From Publishers Weekly

Wood, one of our most astute critics of Christianity and literature, offers a splendid study of O'Connor, one of our most enigmatic Southern writers. Raised in Savannah and Milledgeville, Ga., O'Connor found herself a Catholic in a deeply Protestant South. But as Wood demonstrates, she was at home there, as she used her stories and novels to challenge what she saw as the sentimental piety of her own faith and the dullness of the Protestant liberalism of her time. Drawing on O'Connor's fiction, letters, book reviews and occasional writings, Wood examines key topics from race and the burden of Southern history to preaching and vocation. Although the depth of O'Connor's religious devotion reflected the sacramentalism of her Catholic faith, Wood ingeniously points out the debt she owed to the Bible-centered vision of Protestant theologian Karl Barth and to the images of fallenness that Reinhold Niebuhr offered in his famous work The Nature and Destiny of Man. Rather than reading thematically through O'Connor's entire oeuvre, Wood selects stories and episodes from novels that illustrate his thesis about O'Connor's concerns. Wood observes that most of O'Connor's stories end with a graceful scene in which her protagonists experience a revelatory moment, "at once disclosing the horror of sin but also overcoming the horror with hope." Although there is no end to the books on O'Connor, Wood's elegant exploration of her theological reading of Southern culture provides fresh insight into her relevance for us today.
Copyright © Reed Business Information, a division of Reed Elsevier Inc. All rights reserved. --This text refers to an out of print or unavailable edition of this title.

Review

Choice
"In this excellent and lucid study of O'Connor's theological and cultural convictions, Wood relates the grotesque in O'Connor's work to her understanding that Christianity requires an all-or-nothing response. . . . Anyone pursuing study of O'Connor's work will enjoy this book. Recommended."
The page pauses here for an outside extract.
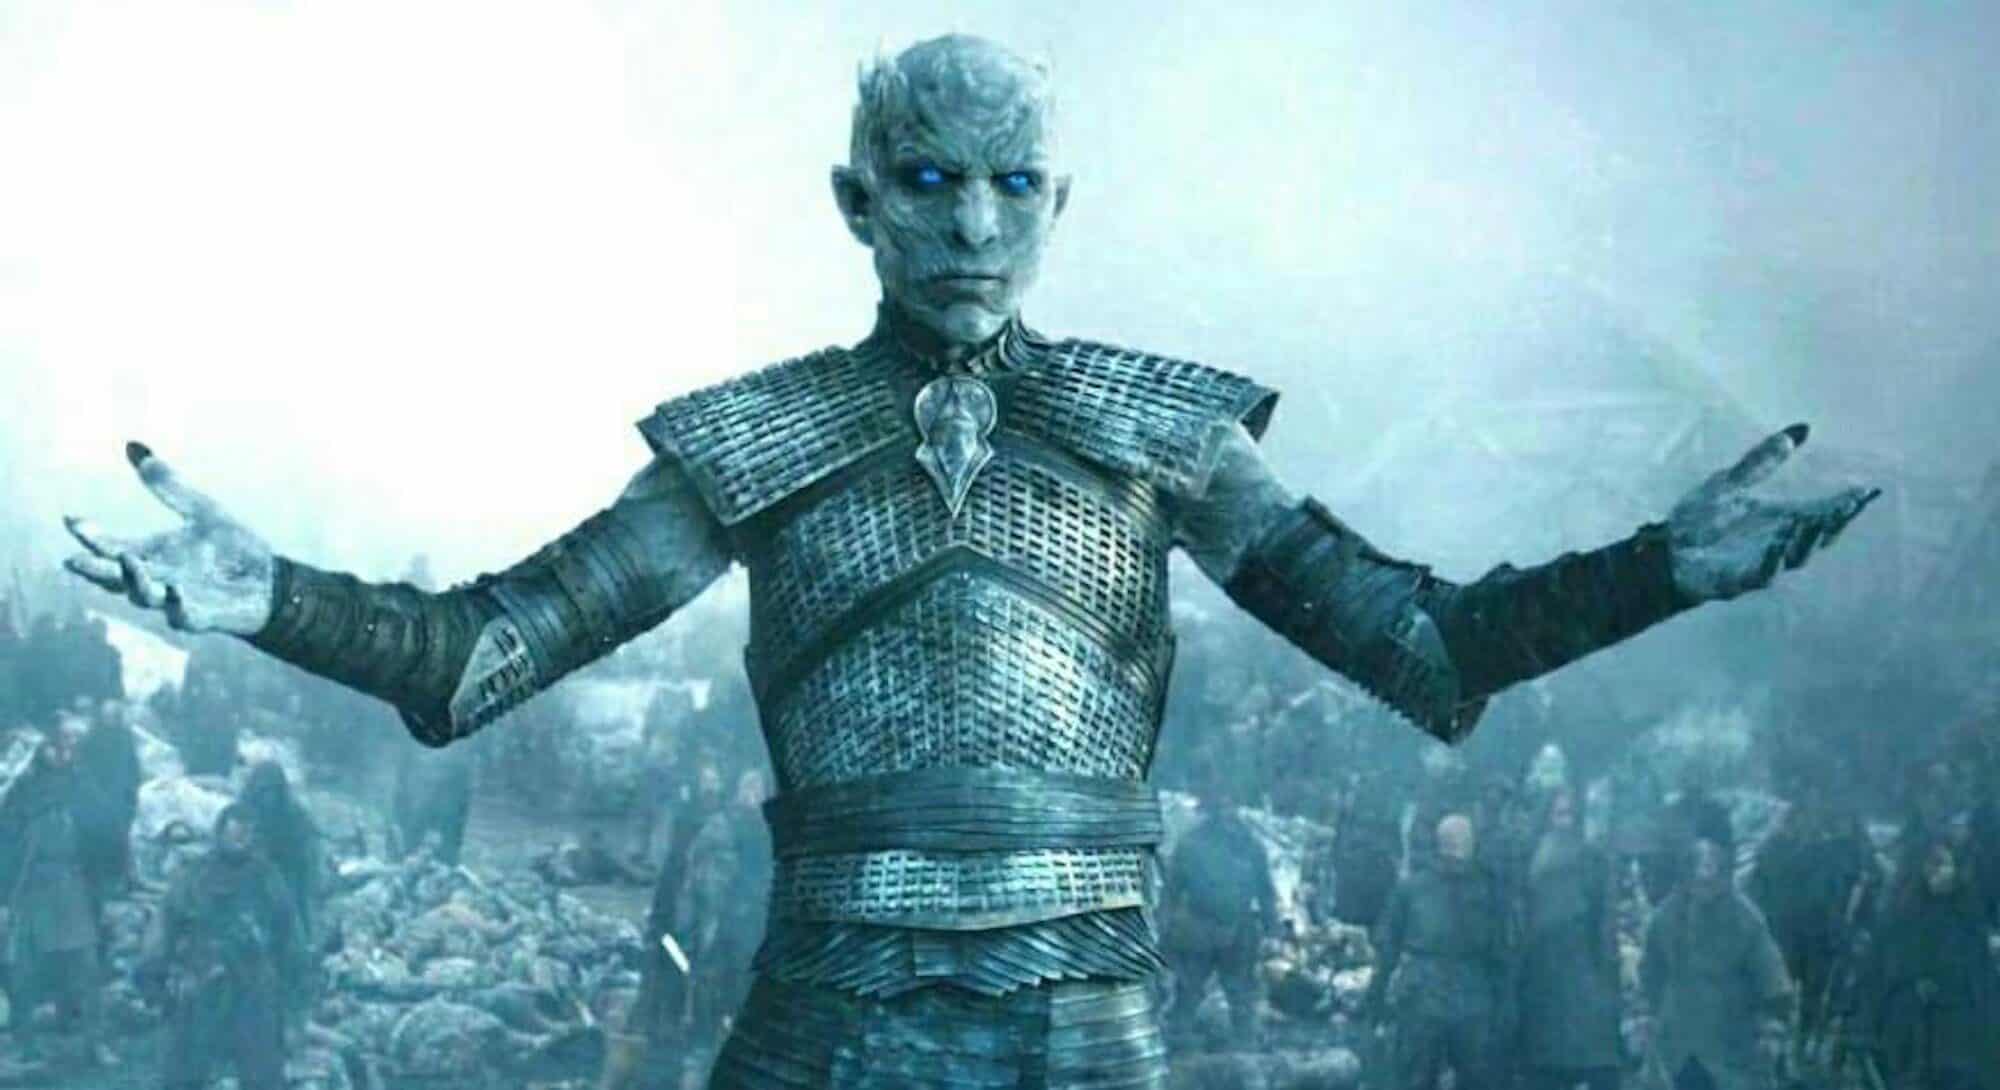 Night King (A Game of Thrones)

The Virginia Quarterly Review
"An admirably lively study of that particular mix of fundamentalist fire and Southern riotousness underlying O'Connor's works of fiction. . . Without undue sermonizing, this book does double duty as a readable guide to the theological bases of sin and salvation in O'Connor's fiction, and as a tribute to how bravely and viscerally O'Connor's voice speaks to whatever -- or whoever -- swings in the backs of our twenty-first-century minds."
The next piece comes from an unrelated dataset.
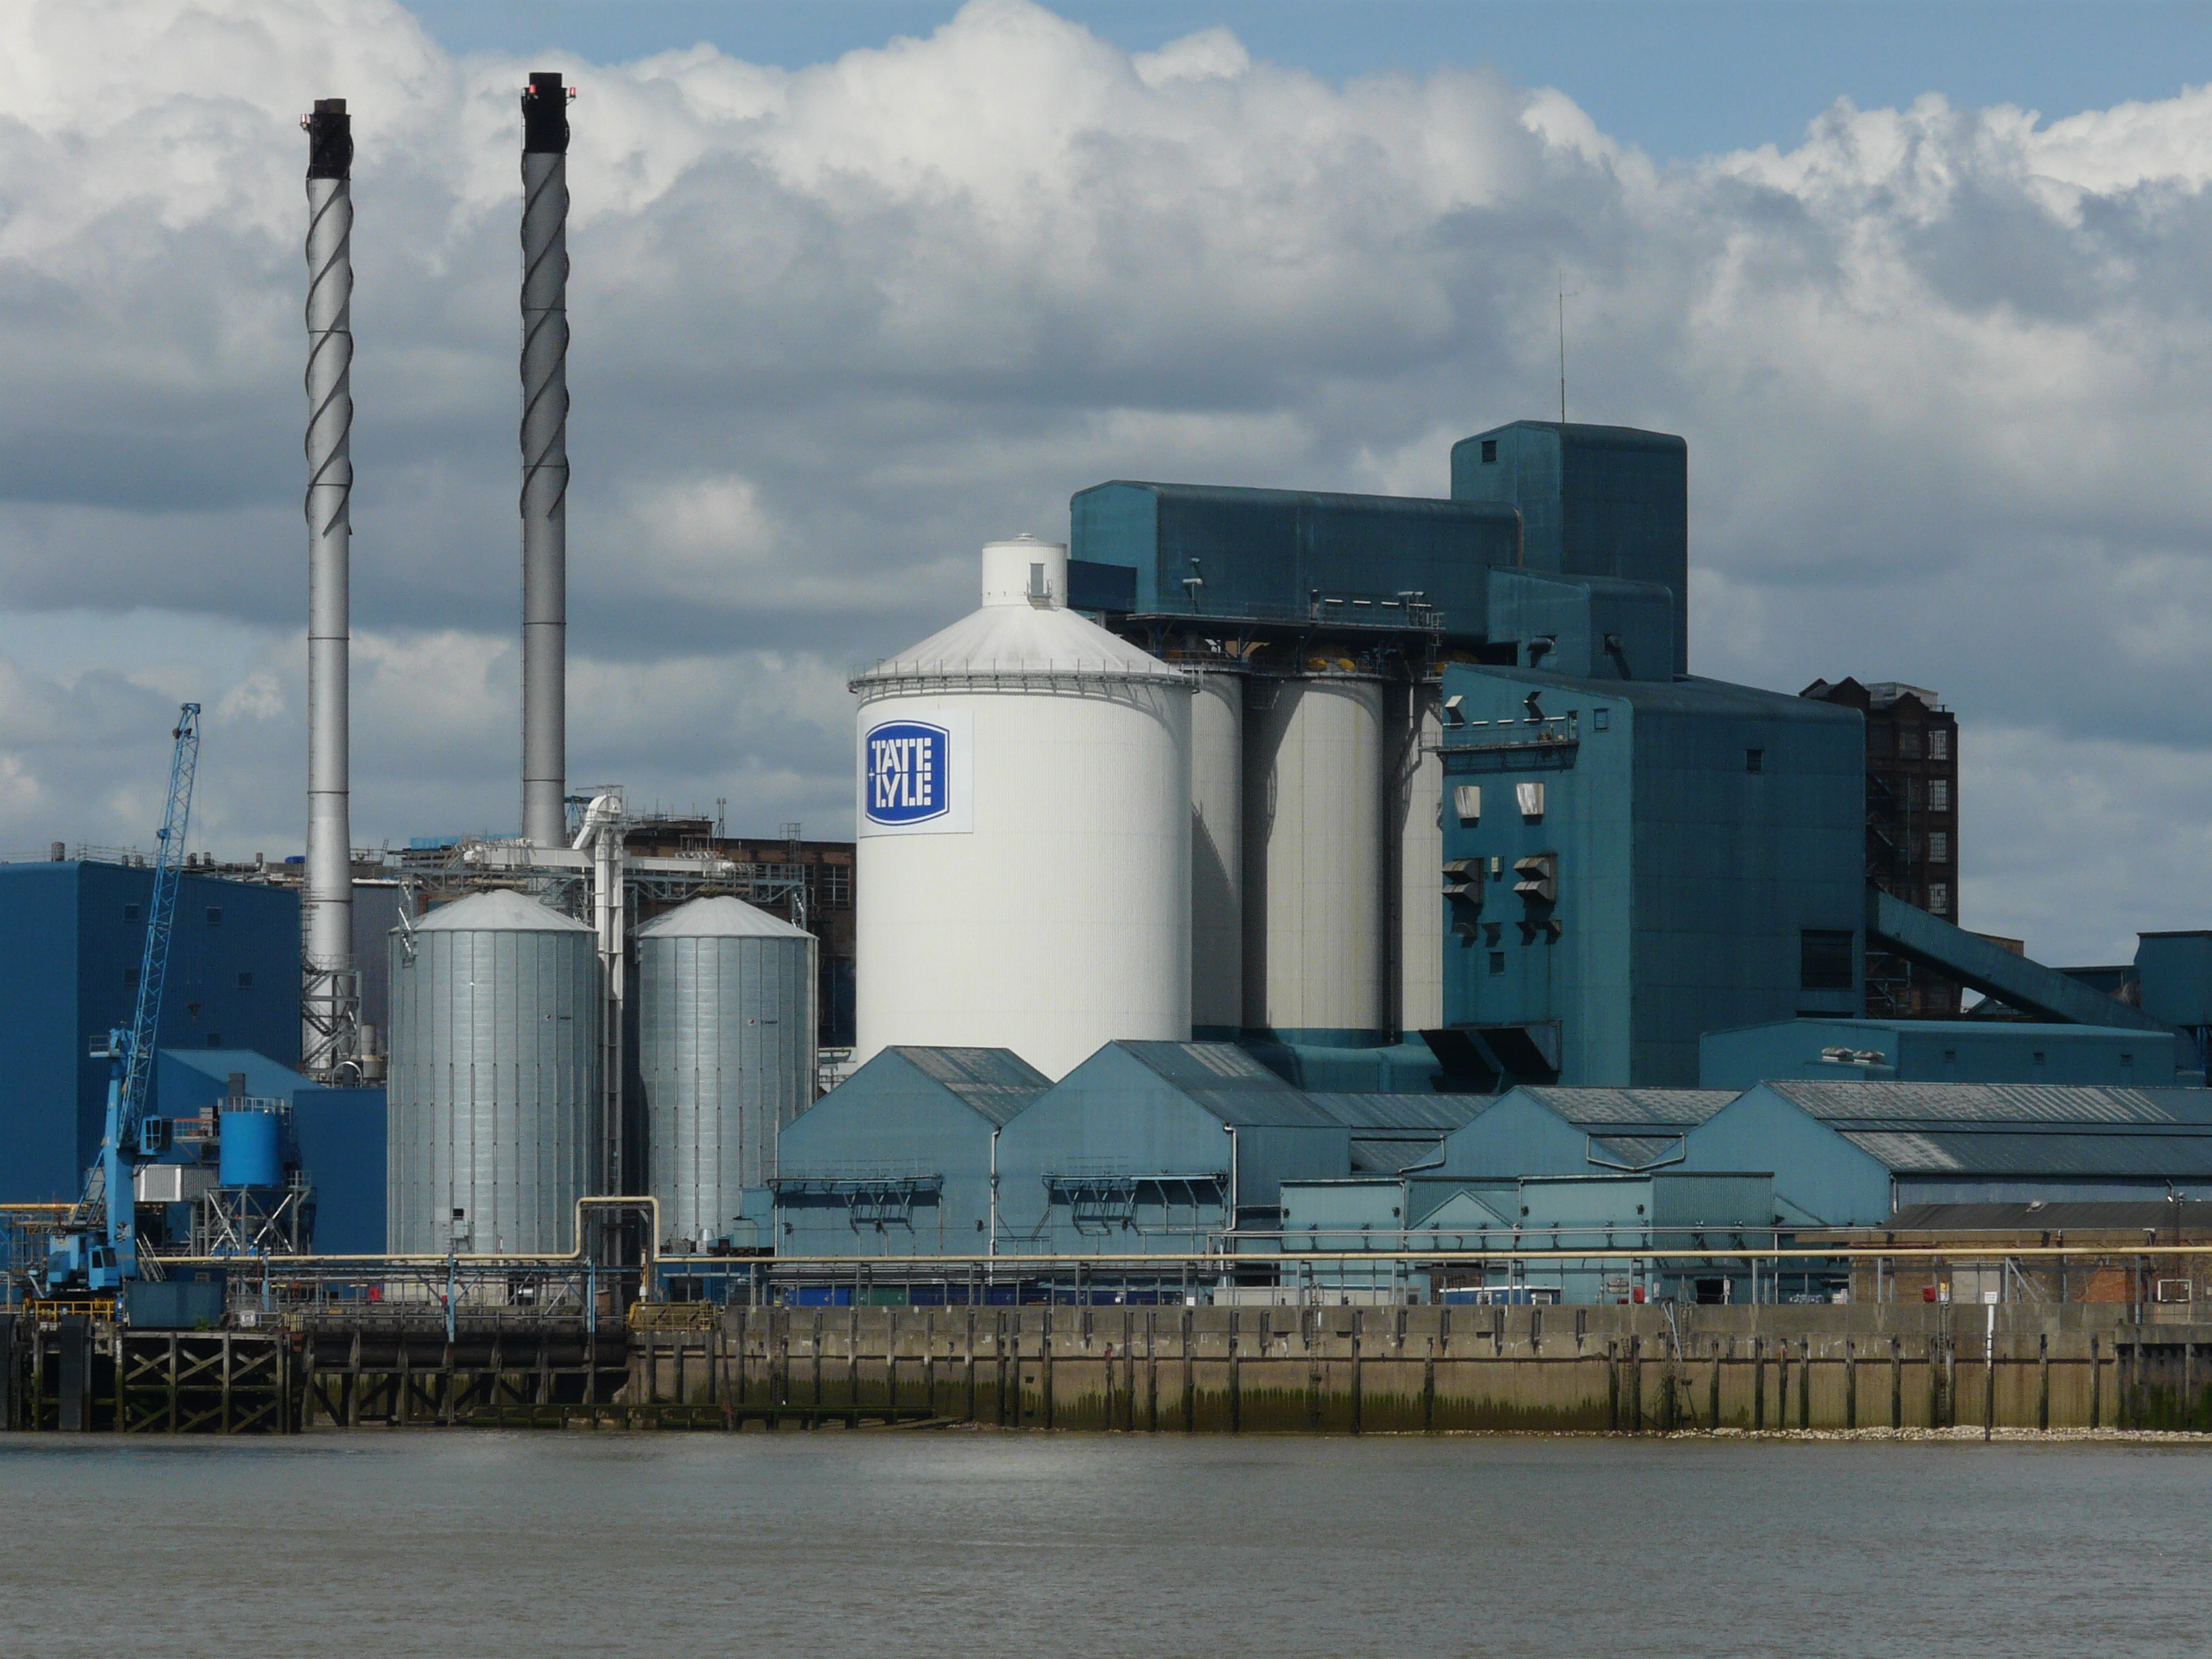 Tate and Lyle sugar refinery

Publishers Weekly -- Starred Review
"Ralph Wood, one of our most astute critics of Christianity and literature, offers a splendid study of O'Connor, one of our most enigmatic Southern writers. . . Wood's elegant exploration of her theological reading of Southern culture provides fresh insight into her relevance for us today."

Southern Literary Journal
"Altogether engaging. It is good to be reminded just how philosophically and theologically aware O'Connor was."

Catholic Library World
"O'Connor has been the subject of several recent literary studies, but Wood merits special note for his insightful book. . . Highly recommended to all academic libraries and O'Connor fans."

Mississippi Quarterly
"Not only is Wood's book cogently and passionately argued, it also demonstrates that there are still new insights to be gleaned from theological approaches to O'Connor -- the well isn't dry, after all."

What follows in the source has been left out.